S'il y a une chose à retenir du documentaire Un rêve américain de Bruno Boulianne et de Claude Godbout, c'est bien celle-là. Les descendants des Canadiens français se sont complètement intégrés au grand melting-pot états-unien.

«Je voulais raconter quelque chose d'un peu connu, mais sous un autre angle, indique Bruno Boulianne. Je voulais dire: «Hé! On a participé à ce continent-là. On n'a pas juste trimé dur dans les usines de la Nouvelle-Angleterre.»»
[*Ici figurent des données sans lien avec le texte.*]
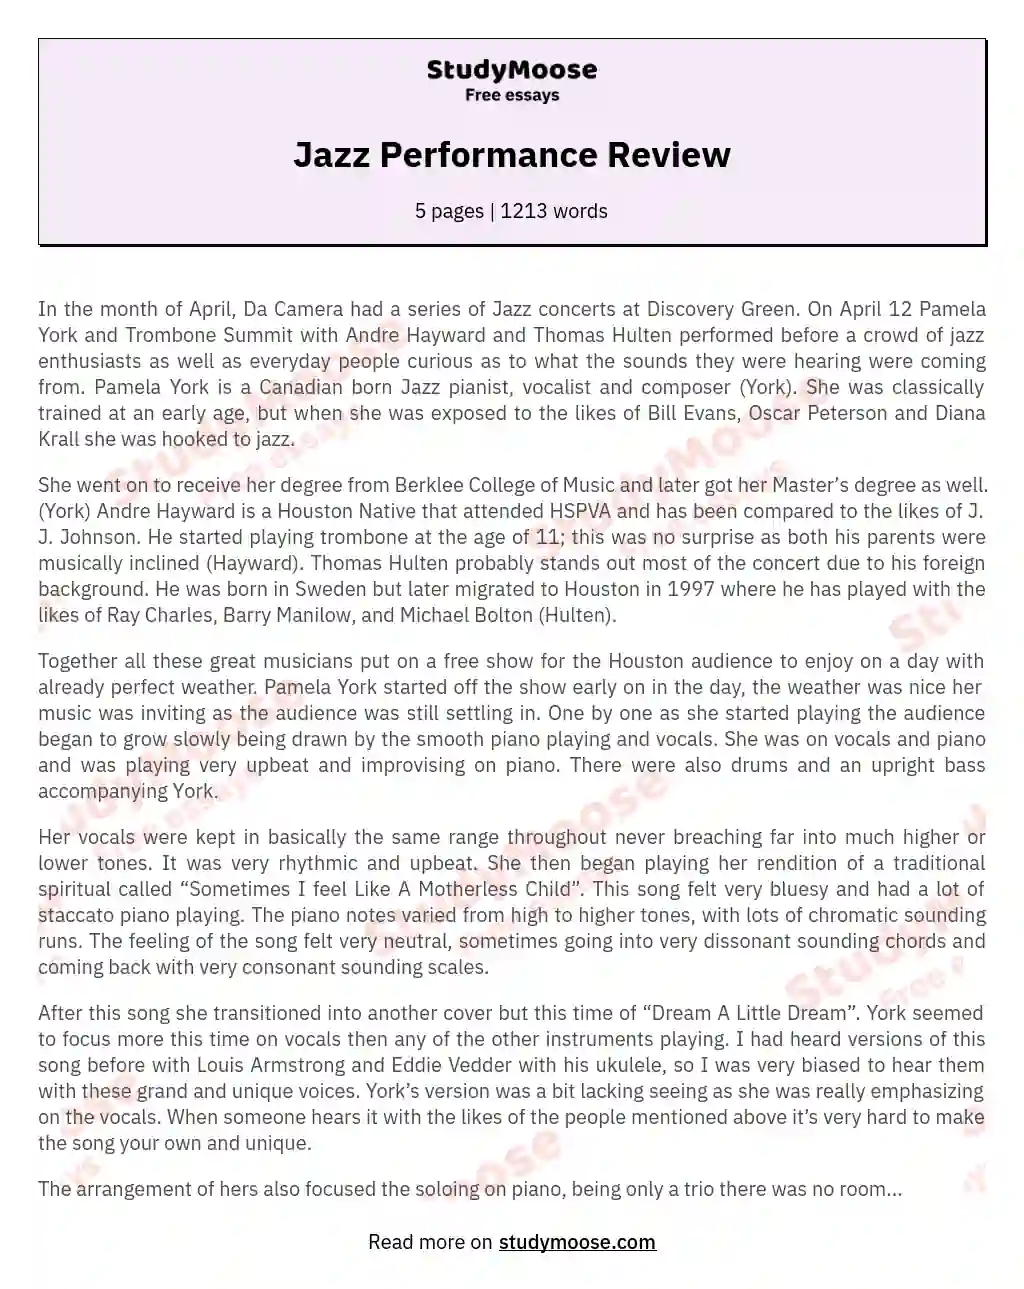 Jazz Performance Review essay

En compagnie du chanteur Damien Robitaille, qui sert de guide-narrateur-découvreur dans le film, on part à la rencontre d'Américains de souche canadienne-française éparpillés aux quatre coins de l'Amérique, du Maine au Missouri, en passant par le Montana et même la Californie. Les artisans ont exclu la Louisiane qui a sa propre histoire avec les Acadiens.

À chaque arrêt, on découvre des gens dont les familles ont à la fois fait leur place et conservé des traces de leurs origines. Plusieurs des personnes rencontrées parlent encore quelques mots, voire un très bon français.
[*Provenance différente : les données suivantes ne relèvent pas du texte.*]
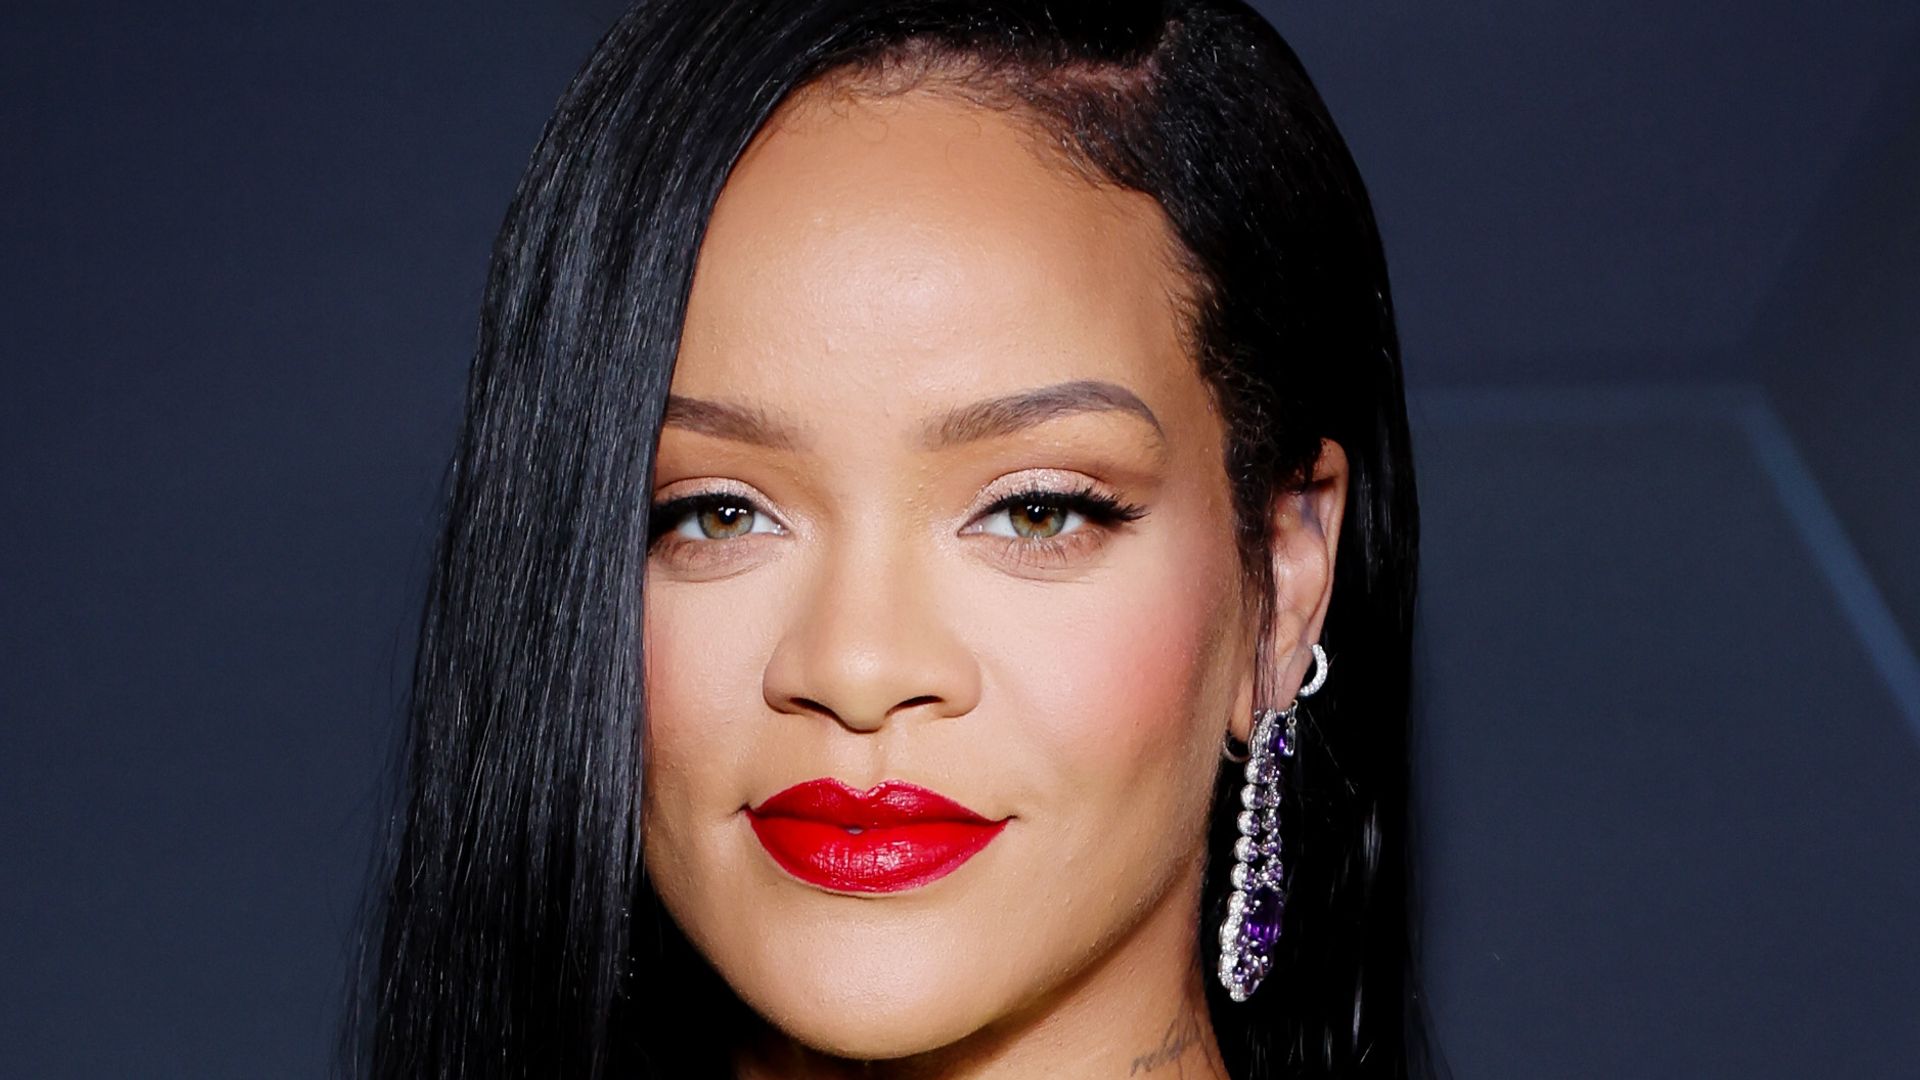 Rihanna attending a Fenty Beauty launch

C'est le cas de Robert Bob Roy, de la Nouvelle-Angleterre. Non seulement parle-t-il français, non seulement a-t-il réussi en affaires, mais sa mentalité fait aussi davantage penser à celle d'un Texan. «Robert est un businessman, un winner et il vote républicain, lance Bruno Boulianne. Il est fier de ses origines. Il dit lui-même qu'il y a eu exploitation des Canadiens français dans les filatures. Mais il vient rappeler que les Canadiens-français passés aux États-Unis ont aussi conquis quelque chose.»

Faire parler le monde

Bruno Boulianne rappelle que c'est Claude Godbout qui a eu l'idée du film. «C'est son bébé, dit-il. Claude avait vu mon film Bull's Eye - un peintre à l'affût (sur Marc Séguin) et avait apprécié. Quant à moi, je connaissais son travail. Il a fait de belles choses, comme la production du film Les bons débarras, etc. Il a été très généreux avec moi dans ce projet.»
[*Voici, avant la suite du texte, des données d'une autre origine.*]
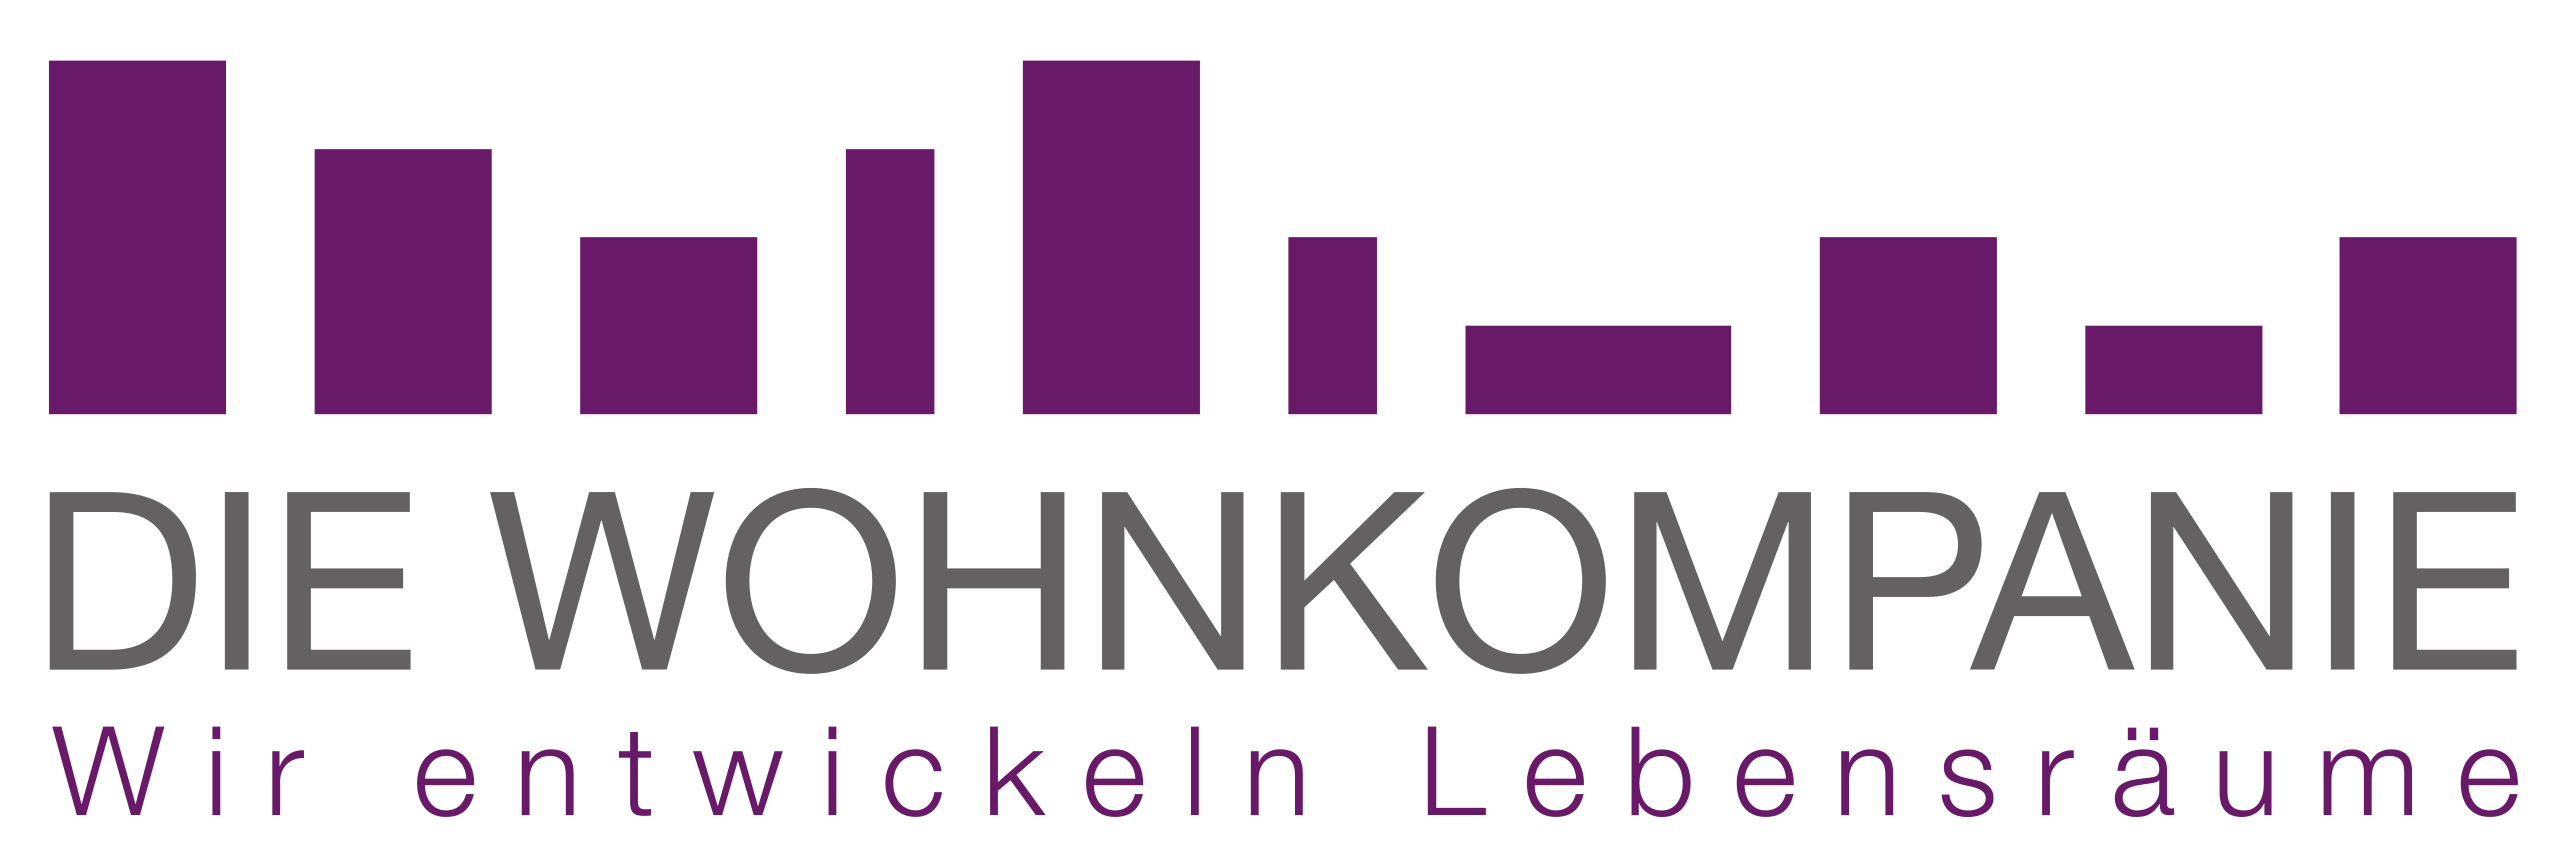 DWK Die Wohnkompanie GmbH

Godbout, qui a écrit le scénario, et Boulianne ont eu l'idée de solliciter Robitaille comme personnage central en raison de sa propre histoire. Franco-ontarien, Robitaille s'était éloigné de sa langue maternelle avant de la retrouver par la voie musicale.

Boulianne et Godbout voulaient que Robitaille conserve une partie de naïveté durant le tournage. «On a dit à Damien de se documenter, mais pas de devenir un expert de la question, dit M. Boulianne. On voulait qu'il soit comme un vrai voyageur qui part sur la route et découvre quelque chose. On lui a dit: «Fais parler le monde.»»

Évidemment, Robitaille a ajouté une dimension musicale, une note country-folk, à ce road movie très émouvant.